Karl Marx (1818–1883), John Rawls (1921–2002), and John Kenneth Galbraith (1908–2006)

 

The Cash Nexus, the Difference Principle, and the Dependence Effect

 

There is a line of thought from Marx, Rawls, and Galbraith that underlines the continuity of the key theme of Marx’s early writings on alienation. Marx’s concept of fetish commodity is an examination of the impersonal relationship between employers and employed embodied in their cash nexus in which the employee has only his labor power to offer to the capitalist boss. That spells out an object/object relationship. With Rawls, there is an emphasis on those who are the least advantaged, a concept that can cover  groups of people such as workers, students, the underemployed, women, the handicapped, and so forth. Goods and services are to be fairly redistributed from the universal principle of consensus in which the rich agree to their resources being taxed to allow life to be livable for those who cannot make a living because of structural and functional defects in the capitalist system. That idea was the basis of affirmative action programs, of which Rawls was an outstanding proponent. Of course, that scenario is only an ideal. Empirically, the rich fight any tax on the basis of the inalienable right to property. Hence, the disadvantaged will always be alienated from the system. President Obama does promise changes, in which he appears to be willing to attack the rich who have plundered the country since the Reagan administration.

 

Galbraith offers a new way of looking at the poor with his analysis of the Dependence Effect. In essence, he claims production creates false needs because of the advertising industry. Americans buy things they do not really need, unselfconsciously. That keeps the economy on an even financial keel in encouraging habituated spending, but undermines public morality by consuming commodities, such as cigarettes and alcohol (usually cross-addicted), that are inherently toxic. There is little stimulus to eat wholesome foods. The American obesity epidemic demonstrates the dependence effect too well in that Americans mindlessly consume whatever bad foods are laid before them  because advertising appeals to psychological needs and cravings that make people feel good about themselves simply by the act of purchasing and hence give an opaque sense of empowerment. What is provided has been done cheaply, although to the overall detriment of the national interest:e an unhealthy population requires medical remediation in the future that could have been avoided had people been made more aware of how advertising manipulates them so readily, particularly the poor who do not have access to health care services, educational facilities, and the money required to for lifestyles that are better for health and longevity. Distorted information undermines exercise of free choice.
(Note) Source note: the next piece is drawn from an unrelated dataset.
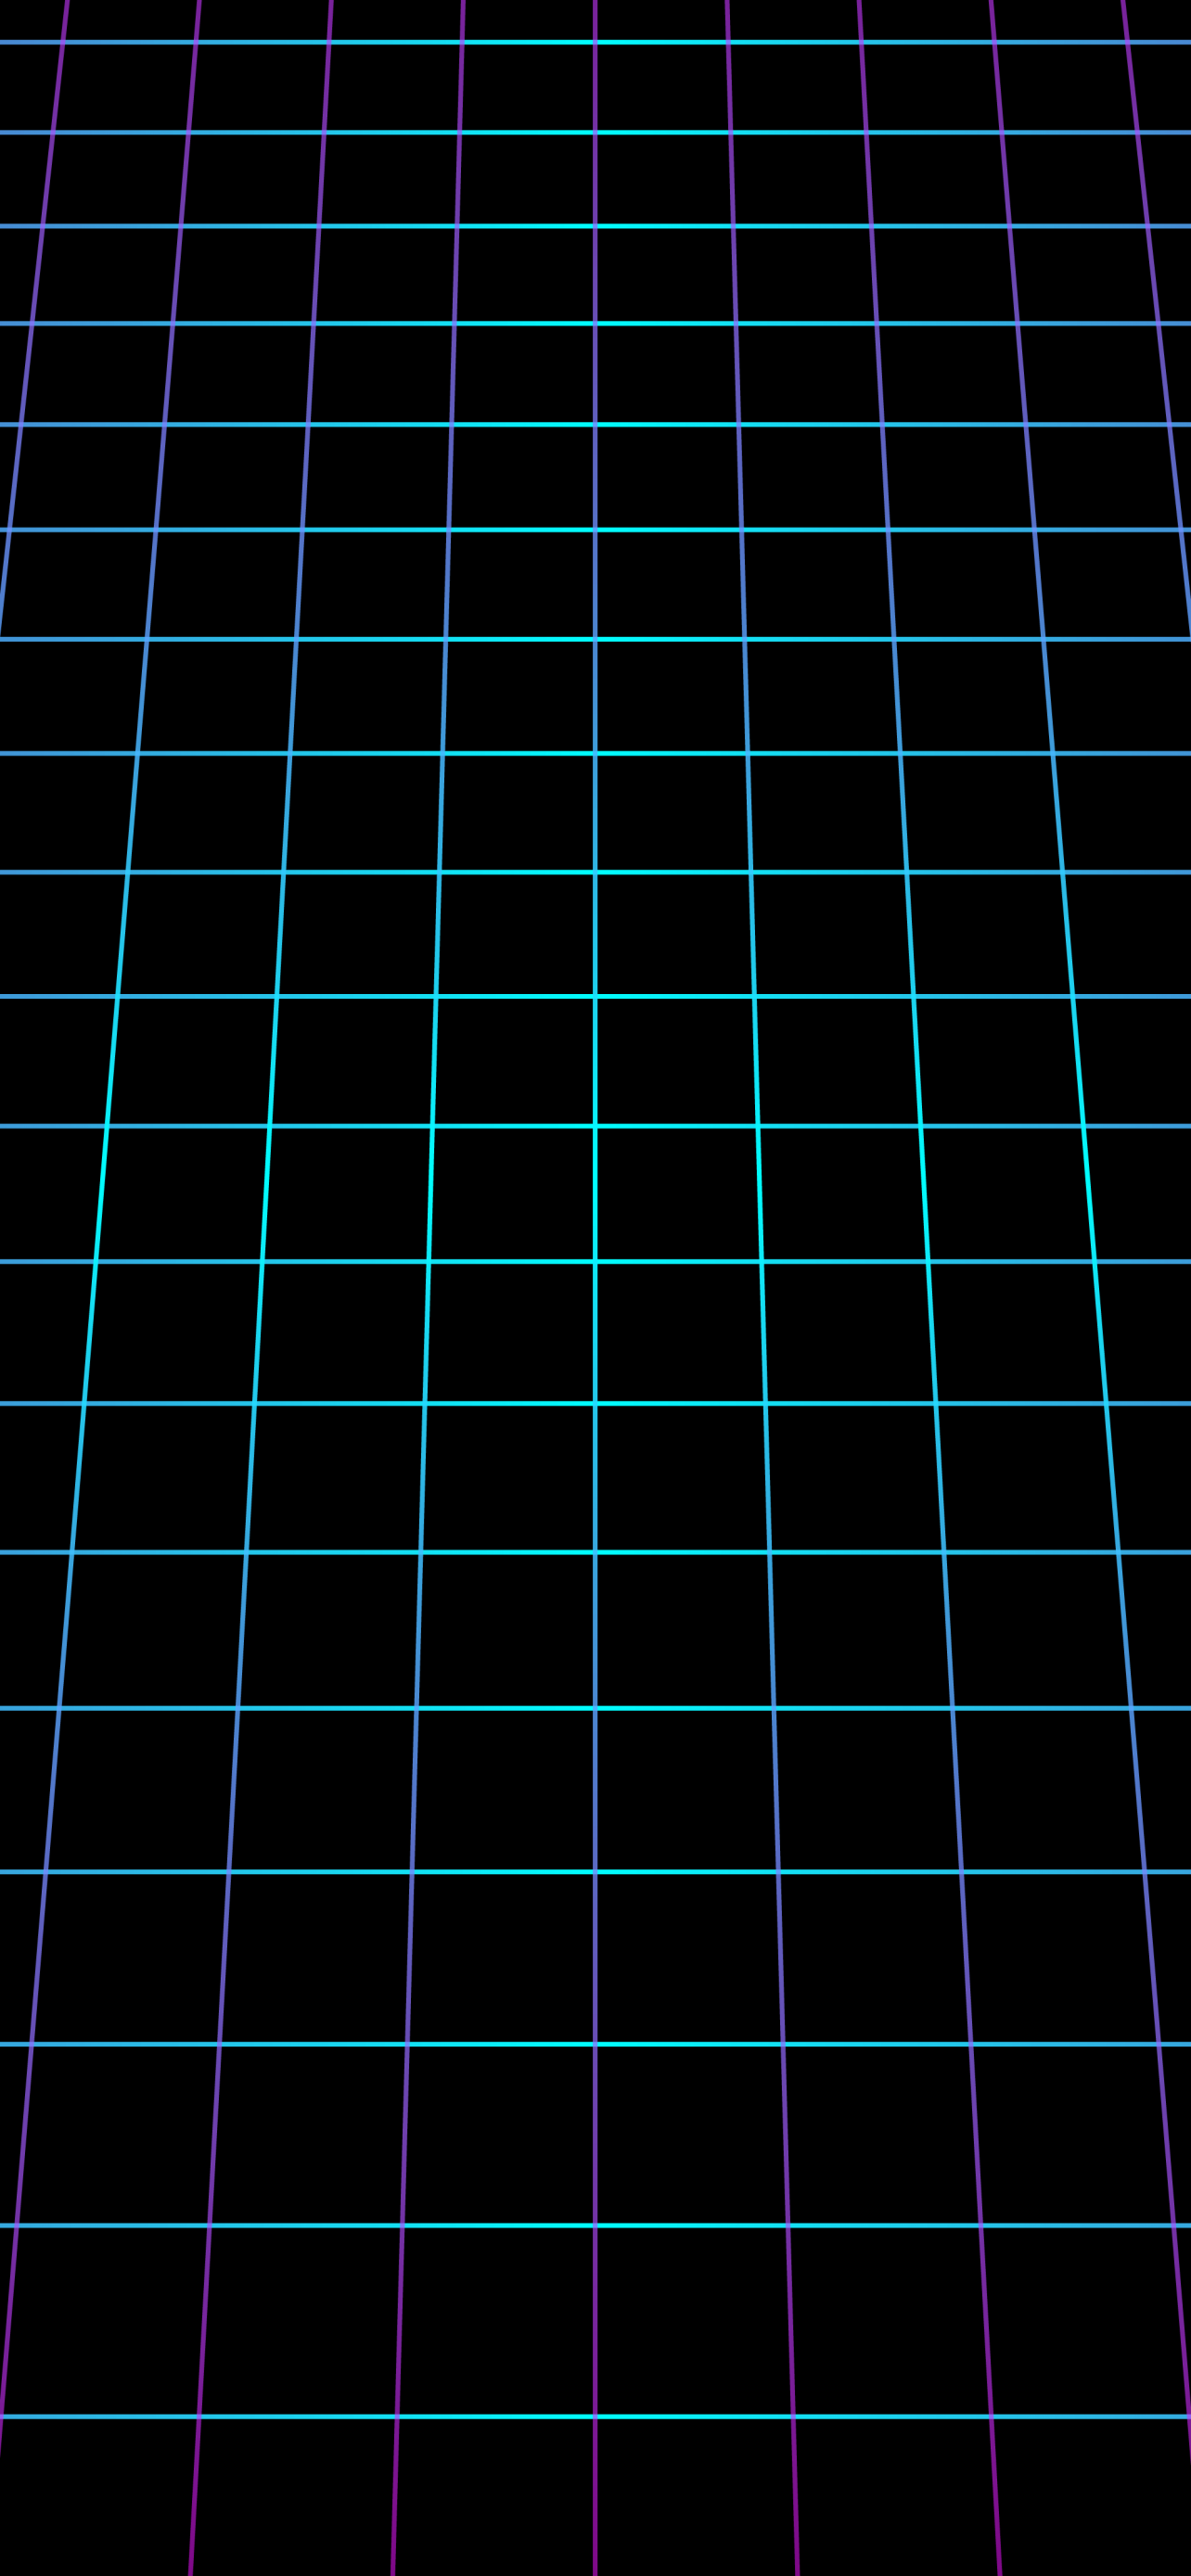 Chọn tấm nền hình lưới Neon đen sẽ là sự lựa chọn đúng đắn cho những ai thích sự đơn giản nhưng cũng không kém phần phong cách. Bảng màu đen và neon sẽ tạo nên một màn hình điện thoại độc đáo, tinh tế và đầy ấn tượng.

The dependence effect appeals to a time preference that has no future in that false needs condition consumers to buy on impulse and immediately. Those who are least advantaged will succumb to this syndrome in a way that perpetuates negative lifestyles intergenerationally in the name of liberty.

 

In The Affluent Society, these topics are undertaken for critical review. In particular, Galbraith makes two points. The public sector, in particular education, suffers with advertising going for the private sector. Advertising targets the consumer. The public sector has only a few advocates in public intellectuals, of whom Galbraith is one of the last great ones. Because consumers are psychologically egoistical, the advertising cadres find it easier to promote items like fancy cars and mansions over new schoos and modernization of the transportation infrastructure, among a host of reforms on the platform of President Obama. In the end, Galbraith favors human capital in the form of education and more education. The greatest natural resource of a nation is its qualified and talented people occupying positions appropriate to their level of skills and intelligence. Basically Galbraith believes in reform through ardent public advocacy; he is in the forefront of a Mandarin class that talks on behalf of the poor. Economists like Milton Friedman and Paul Krugman say he is paternalistic. His paternalism undercuts the sovereignty of the consumer, who is not as gullible as Galbraith portrays. The truth is really somewhere in the muddle between these contending philosophies of political economy (really the science of morals of national collectivities).

 

The way to break this cycle of poverty is to provide fair access to the ample resources of education, although there is free public school education, the better education offered by the elite universities by and large is closed to the various minority groups. Even if admitted through affirmative action, poverty will tend to press high numbers of disadvantaged students to abandon their studies because they cannot afford to maintain their physical well-being over time. Lack of money is the principal reason for high dropout rate among the disadvantaged, not moral viciousnessnor intellectual deficits.

 

Galbraith, a great Harvard professor, did have a sense of humor as evidenced by this quotation:

 

            "Under capitalism, man exploits man. Under communism, it’s the opposite."